I am far from a perfect person, but I consider myself a pretty good mom. That being said, I make mistakes. I have accidentally pinched C's cute little thigh when putting her in the high chair. Sometimes her bath water is a little too hot or, in my attempt to remedy that, a little too cold. Sometimes I realize at 5:00 that I have forgotten to give C her 3:30 dose of medicine. But, the majority of the time, most days, all goes well. Everyone is happy and fed and bathed and dry and playing safely behind a baby corral, tucked away from the death trap that is the rest of our house.
Today was not one of those days.
Let me preface this by saying that she is totally fine. As I (slowly) type this, we are sitting on the rug, playing with toys, seeing which ones make the best noises when shaken. But this morning, I failed.
We're still not sleeping through the night completely. While, it's getting better, C more often than not, ends up snuggled next to me in our bed after her 6:30 bottle in an attempt for us both to get a little more sleep. She was nestled next to me, engulfed in my arms, sound asleep with her fuzzy little blanket clenched in her fist. So I closed my eyes to join her. I was awakened by a loud THUD followed by crying.
She had woken up, crawled out of my arms and across the entire width of our king sized bed, and fallen off the other side onto the hard wood floor.
I rushed to her, picked her up, and panicked. I tried to soothe her while crying myself. After only a minute, she was smiling, with a little red bump on her left temple. I knew what signs to look for from other moms telling me similar stories, but I called the doctor to make sure. Sure enough, if she wasn't overly lethargic, vomiting, or crying inconsolably, she was fine. I was relieved, but still so upset with myself. For weeks now, I had been worried about this happening. C is not only very mobile now, but also very curious. Needless to say, our days of morning snuggling in bed are over (at least while Mommy is sleeping).

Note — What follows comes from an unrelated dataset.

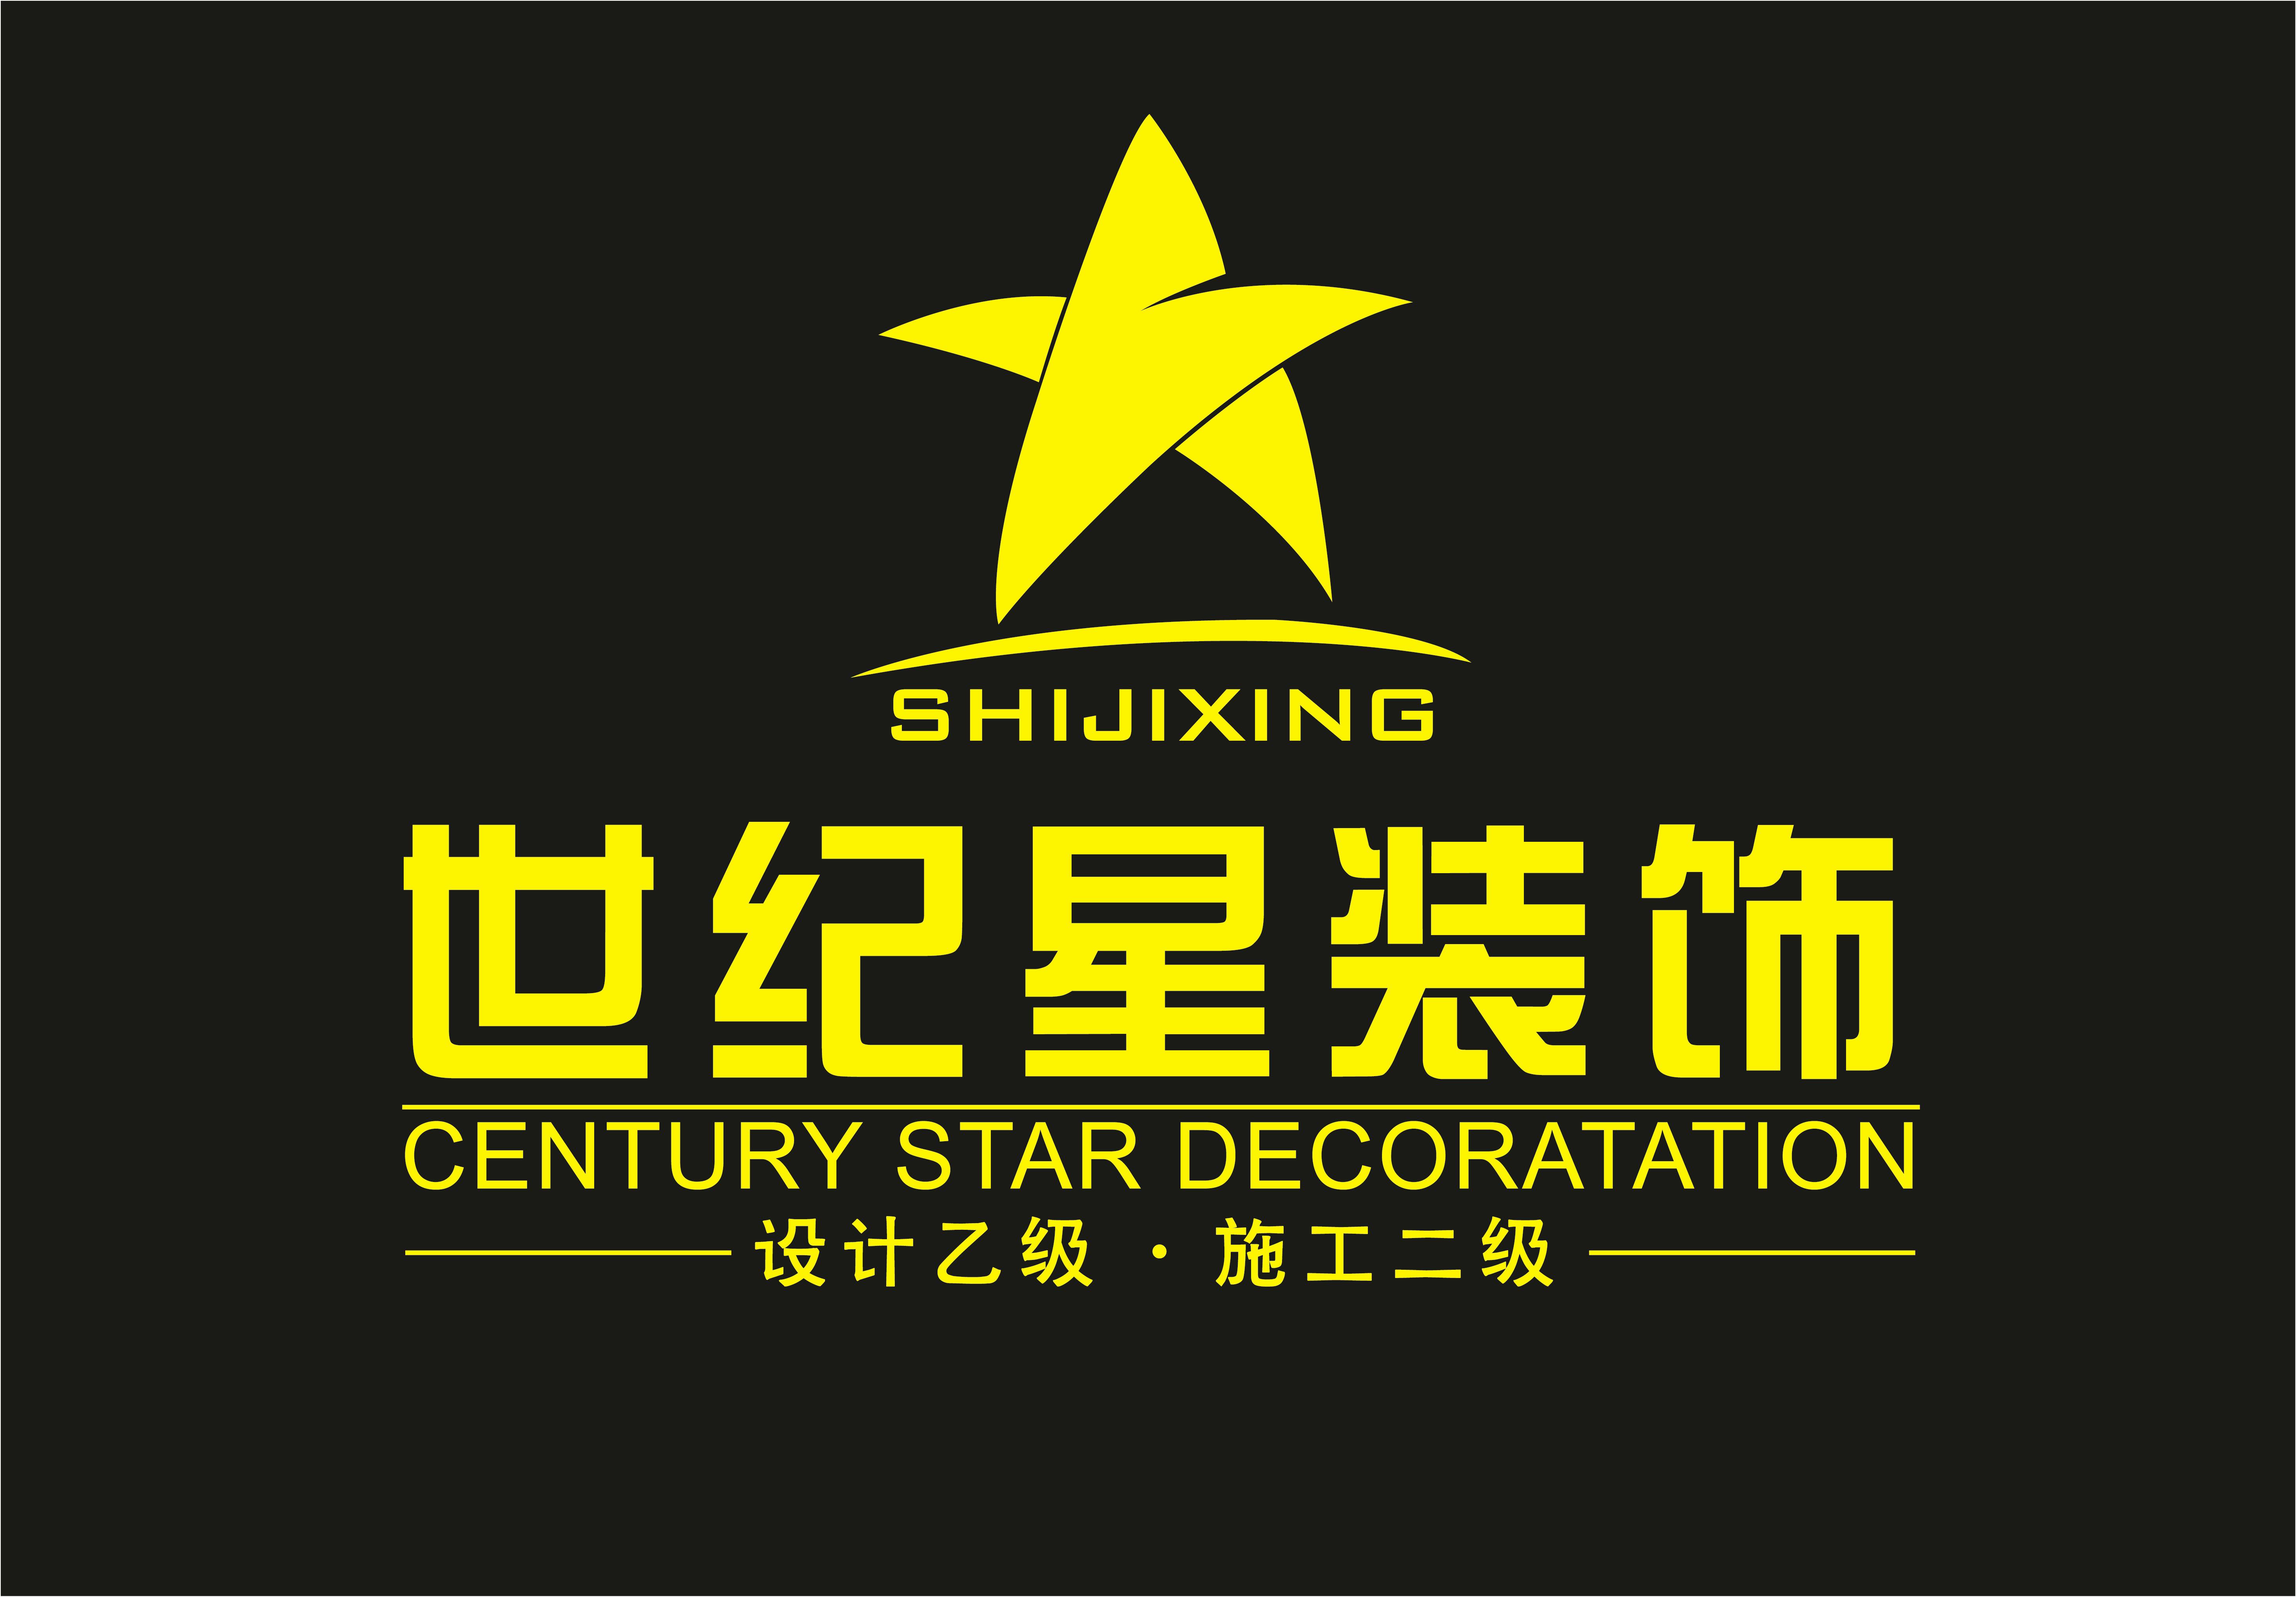 深圳世纪星装饰有限公司

I share this story because that's the point of this blog. If I only shared my triumphs, I'd be censoring myself and my readers from the truth that parenting is hard and not all days are perfect. I am so lucky that she is okay and that a tiny bump on her head is her only battle wound from this morning, but I'm not naive enough to think that this is the only time in her life that I will screw up. Luckily, my good parenting moments far outweigh the bad; but, for the record, the bad are absolutely heart breaking.